The following e-mail comes from Iris Greidinger of New York, who corrects me about some things I said about Andrea Bocelli earlier. I said, for instance, that the Metropolitan Opera should book him for a pop concert, unaware that (as Ms. Greidlinger lets me know) he now sings pop songs only as encores. Whatever one thinks about Bocelli’s singing, I should have known more before I ventured my comments.
I’ll only add that Ms. Greidinger and I have now exchanged more friendly messages, and that I hope it’s clear that I’m serious about posting dissenting views.

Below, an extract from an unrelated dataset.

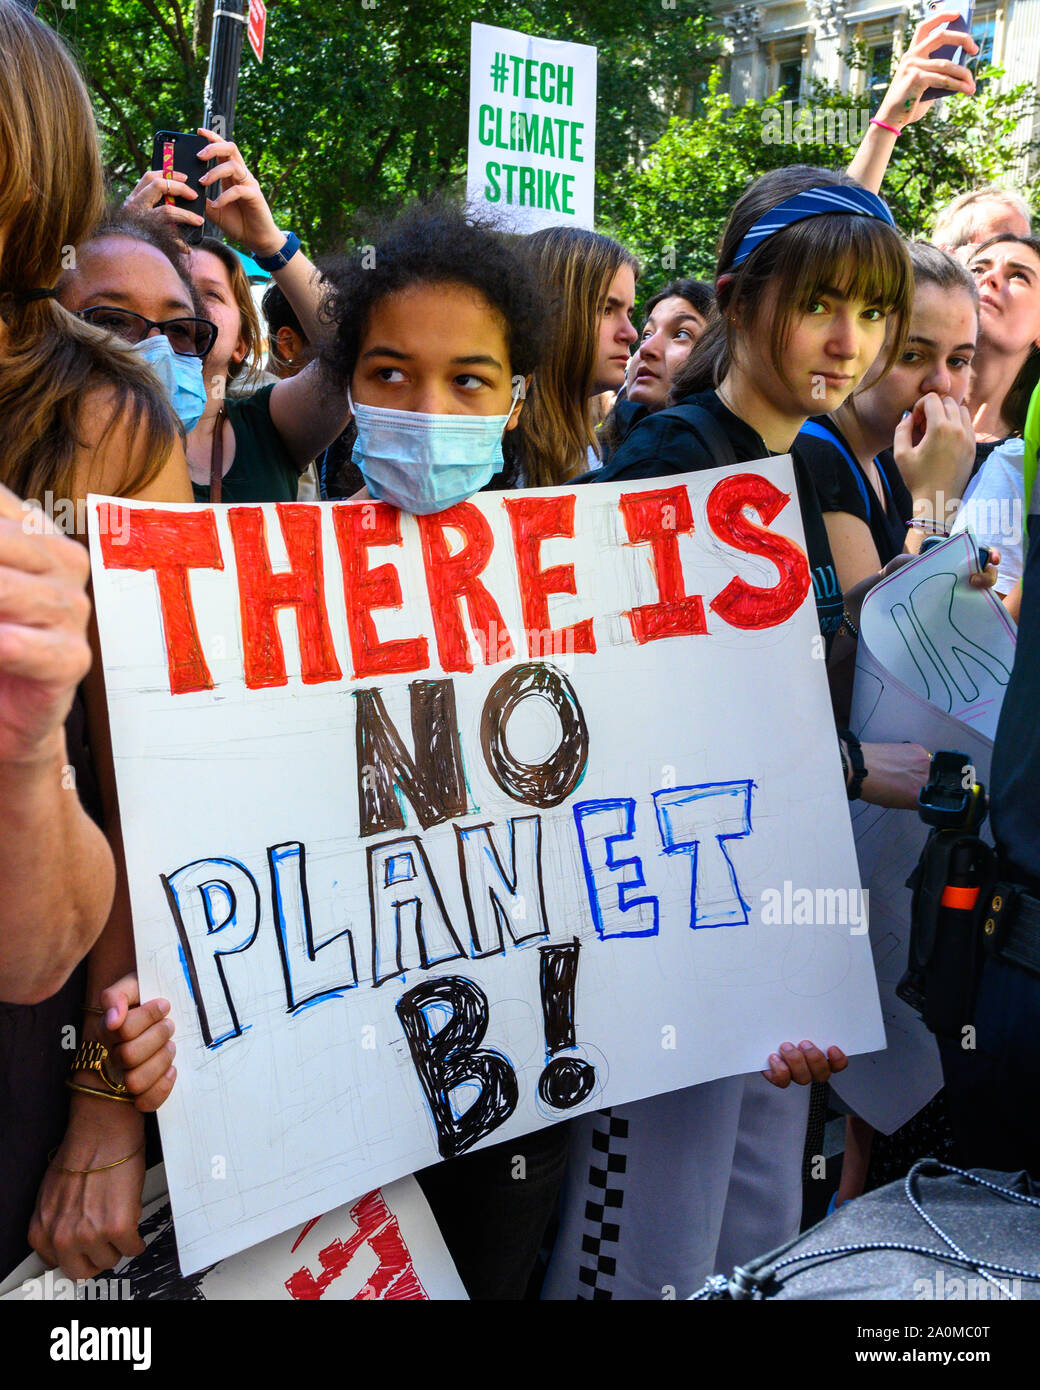 Nueva York, Estados Unidos, 20 de septiembre de 2019. La gente marcha a través de la ciudad de Nueva York durante una huelga del clima de rally, como decenas de miles de personas se unieron a la protesta mundial para exigir medidas inmediatas para combatir el cambio climático. Crédito: Enrique Shore/Alamy Live News Foto de stock

Here’s Ms. Greidinger’s e-mail to me:
Dear Mr. Sandow,
I am really tired of reading from critics such as yourself, who should know better, that Andrea Bocelli is not an opera singer. Isn’t it time for you to stop hiding your head in the sand and face up to the facts? Andrea Bocelli has performed the lead tenor role onstage in four operas so far: “La Boheme,” “Werther, ” “L’Amico Fritz” and “Madama Butterfly” and is scheduled to perform next year again in “Werther” and in “Tosca.” I think that makes him an opera singer in anybody’s book. The directors of five opera houses certainly think so. You may not care for his voice, but that is a different question entirely. I would remind you, however, that your opinion is disputed by some formidable music authorities who regard Bocelli as having a fine operatic voice–including the late Franco Corelli, Bryn Terfel, and maestros Lorin Maazel, Zubin Mehta, and Seiji Ozawa. I would also guess that you have not listened to Bocelli sing opera lately–if at all. He has developed significantly in power of projection and technique, through use of Corelli’s lowered larynx method. Having formed your opinion, you are not interested in how he has developed as a singer.
When you talk of him giving a concert at the Met, you presumably are thinking in terms of pop, which shows your lack of knowledge of his concert formats. He does not sing pop at a concert until the encores–his concerts are always composed strictly of operatic arias, sacred arias, classical art songs and Neapolitan songs. He has brought hundreds of thousands of people into his concerts to hear this music and has thus done more to introduce people of all ages to classical music than any other tenor singing today–certainly far more than the Met itself is doing.
Considering the mediocre quality of some of the tenors currently singing at the Met, it would be in no way a lowering of their present standards to have Bocelli perform opera there. He has what many of us consider a uniquely beautiful voice with long breath, wonderful phrasing and diminuendos, a dark baritonal register, and sustained high top notes. He has a beautiful, still developing tenor voice with heart in it, whose unusual range, emotionality, and tenderness has moved and enchanted a great variety of listeners, including some very seasoned opera goers, some aspiring opera singers, some neophytes, and some relatively new listeners. He is not Corelli, Pavarotti, or Domingo, but the Met is not offering any singers who can equal the great singers of the past or present either–which is one reason why they have empty seats.